Beberapa studi sebelumnya terhadap industri penerbangan terutama strategi pengelolaan biaya operasional serta perbaikan dan perawatan pesawat dapat menjadi referensi. Salah satu diantaranya adalah Yu-Hern Chang (2011) yang melakukan studi dalam konteks peningkatan harga bahan bakar yang sangat siginifikan pada tahun 2008, bersamaan dengan terjadinya krisis ekonomi dunia. Kejadian tersebut juga memberikan dampak buruk terhadap industri penerbangan. Sesuai studi empirikyang dilakukannya terhadap salah satu maskapai penerbangan internasional yang beroperasi di Taiwan, dapat disimpulkan10 faktor yang berpengaruh signifikan terhadap strategi penghematan biaya yaitu (1) optimalisasi penentuan jalur dan jadwal penerbangan, (2) menerapkan strategi hedging terhadap pembelian bahan bakar, (3) meningkatkan kinerja pesawat dalam penggunaan bahan bakar, (4) mengurangi beban mati pesawat, (5) mengoptimalkan kecepatan pesawat terhadap indeks biaya operasional, (6) menjadwalkan penerbangan pada waktu yang optimal bagi kru agar tidak ada biaya tambahan baik itu lembur maupun akomodasi, (7) memperbaiki rute pesawat dan alternatif bandara dengan biaya lebih rendah, (8) meningkatkan proporsi penjualan tiket secara lansung, (9) mendorong pegawai untuk mengusulkan strategi cost control yang mungkin diterapkan serta (10) melakukan peremajaan terhadap pesawat yang sudah tua.

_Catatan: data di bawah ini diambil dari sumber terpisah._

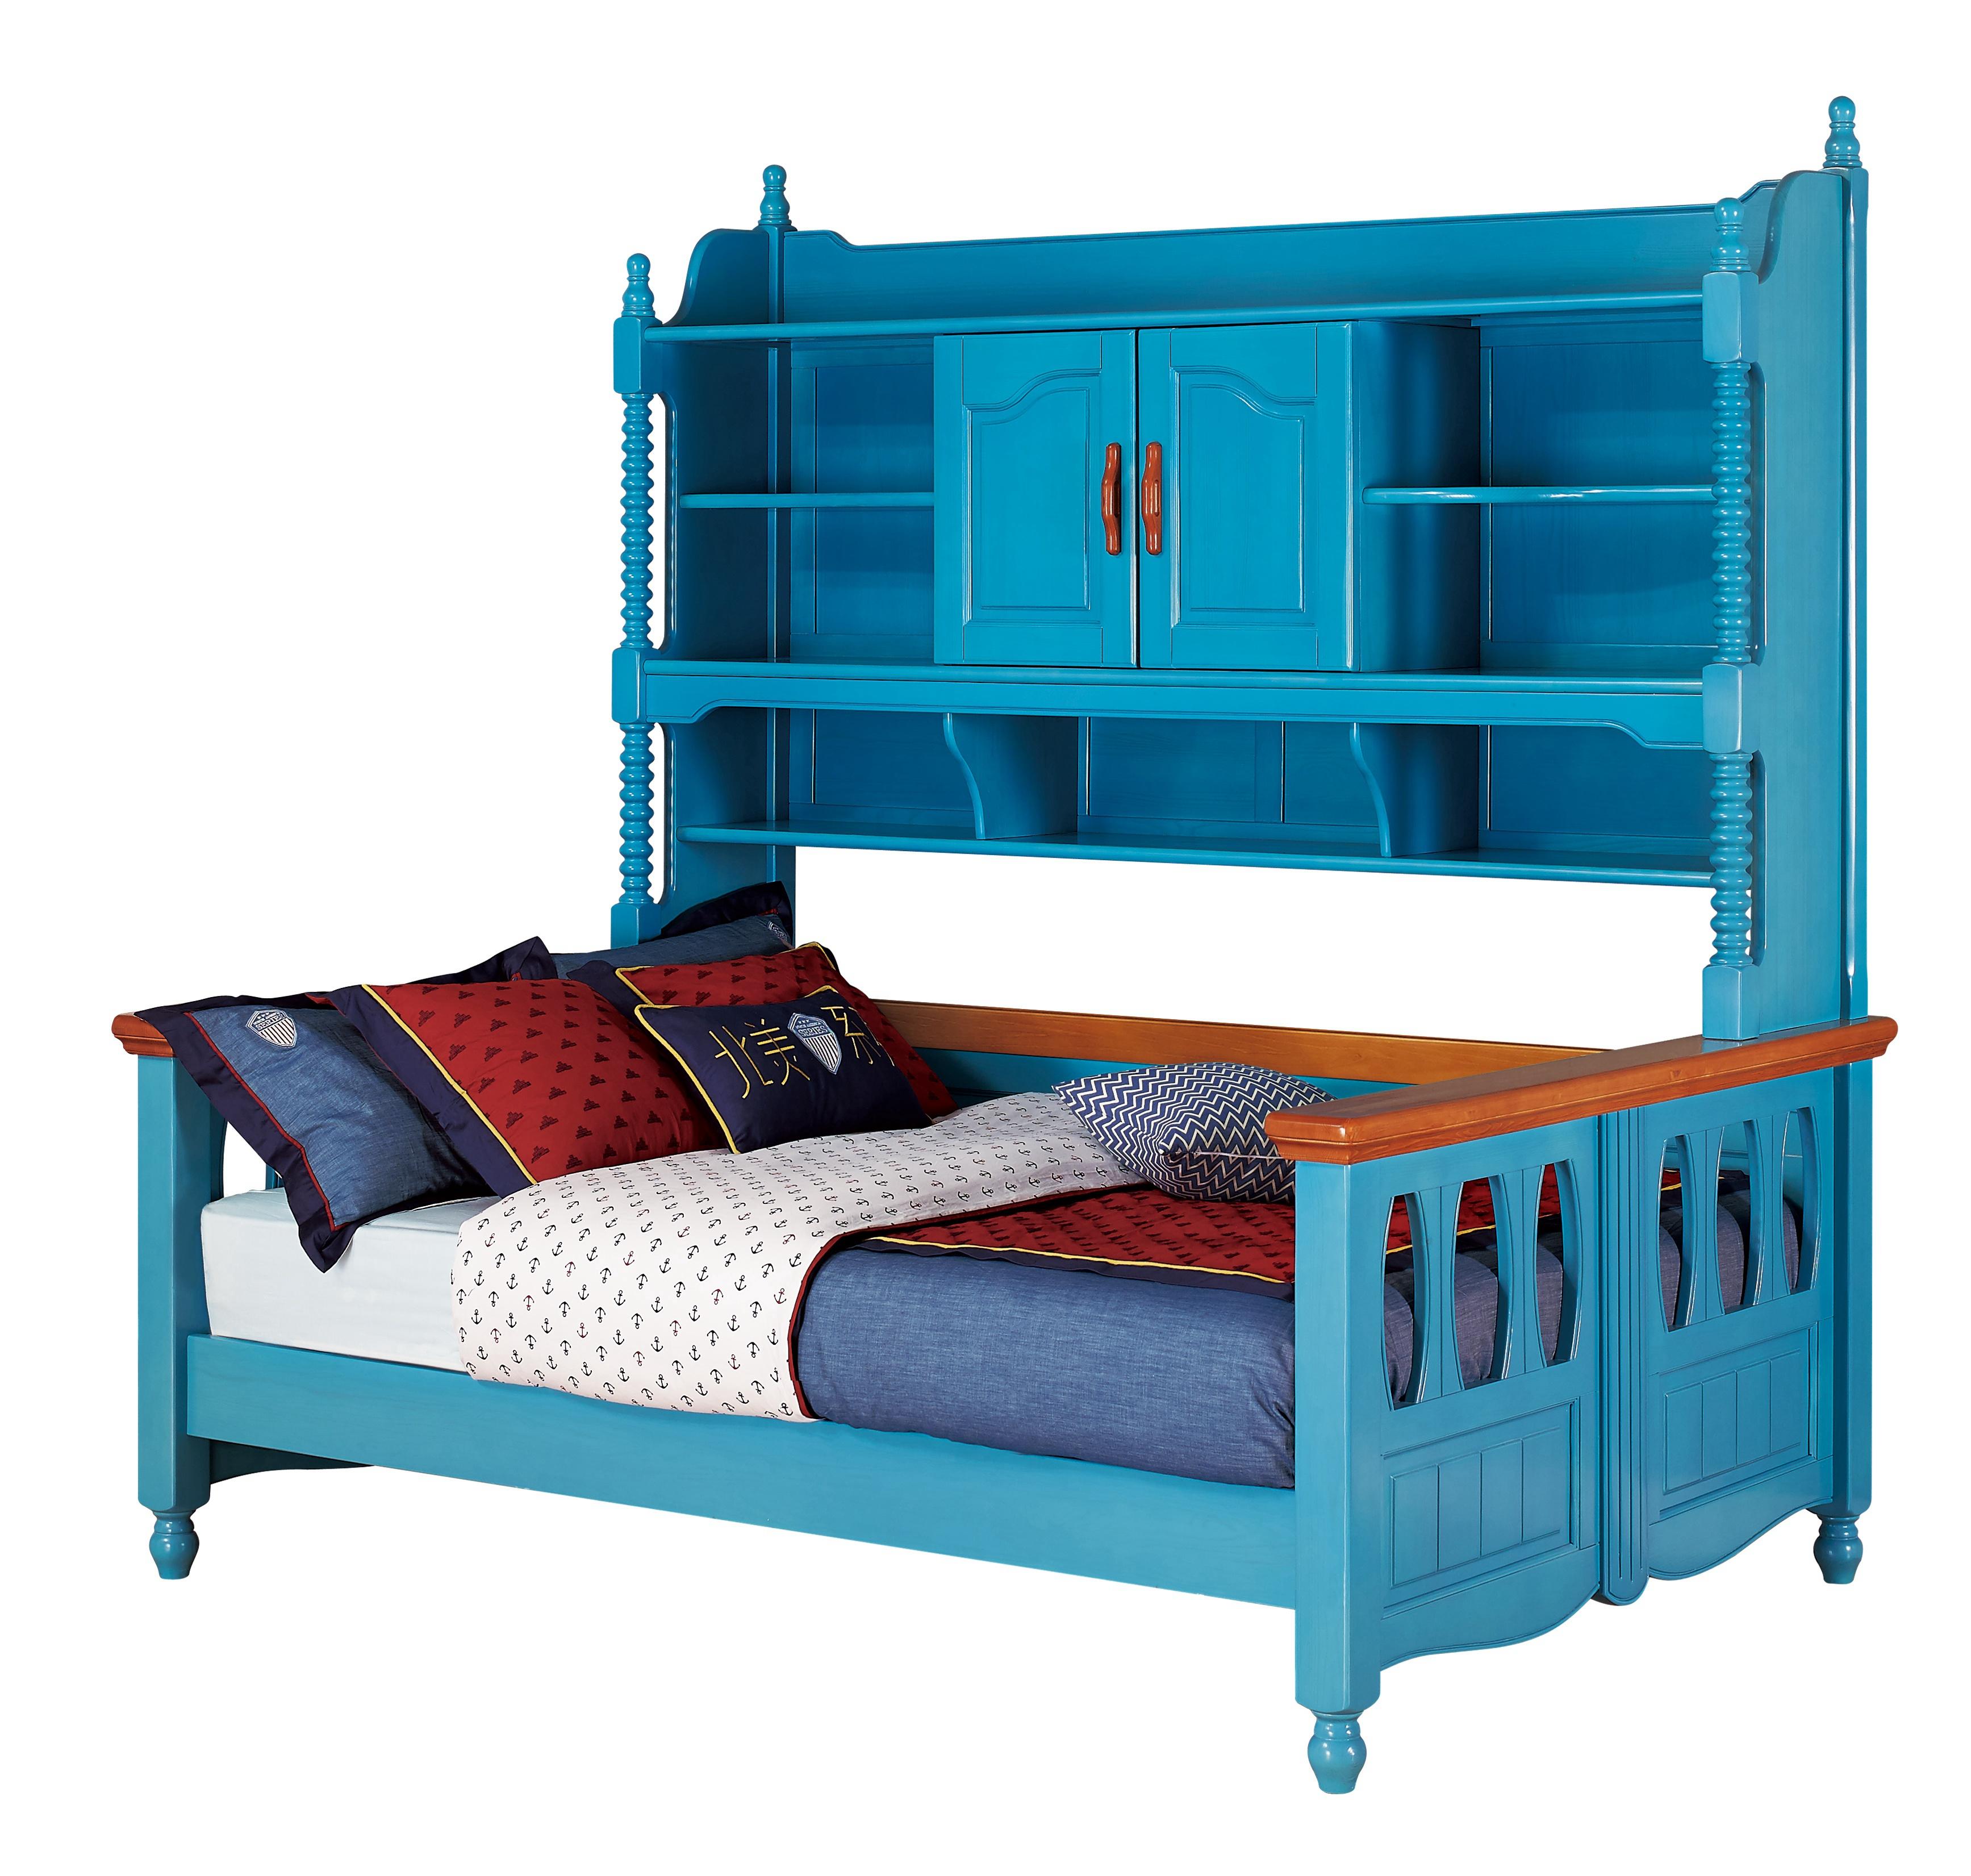 Beliches Com Colchões De Cama Castelo Caravana Preço Barato Buy Cheap Bunk Beds With Mattresses Castle Bunk Bed Caravan Bunk Bed Product On Alibaba Com

Studi lainnya dilakukan oleh Vega, Pamplona and Oliviera (2016), yang menggunakan model ekonometri untuk perhitungan biaya perbaikan dan perawatan. Studi ini menyimpulkan bahwa maskapai besar memiliki keuntungan dalam hal efisiensi biaya perbaikan dan perawatan pesawat. Sesuai skala ekonomi yang dimiliki maka biaya perbaikan dan perawatan menjadi lebih rendah seiring dengan banyaknya jumlah pesawat. Namun bagi maskapai yang tergolong menengah-kecil sangat disarankan untuk bekerjasama dengan penyedia jasa perbaikan dan perawatan pesawat agar biayanya bisa lebih ekonomis.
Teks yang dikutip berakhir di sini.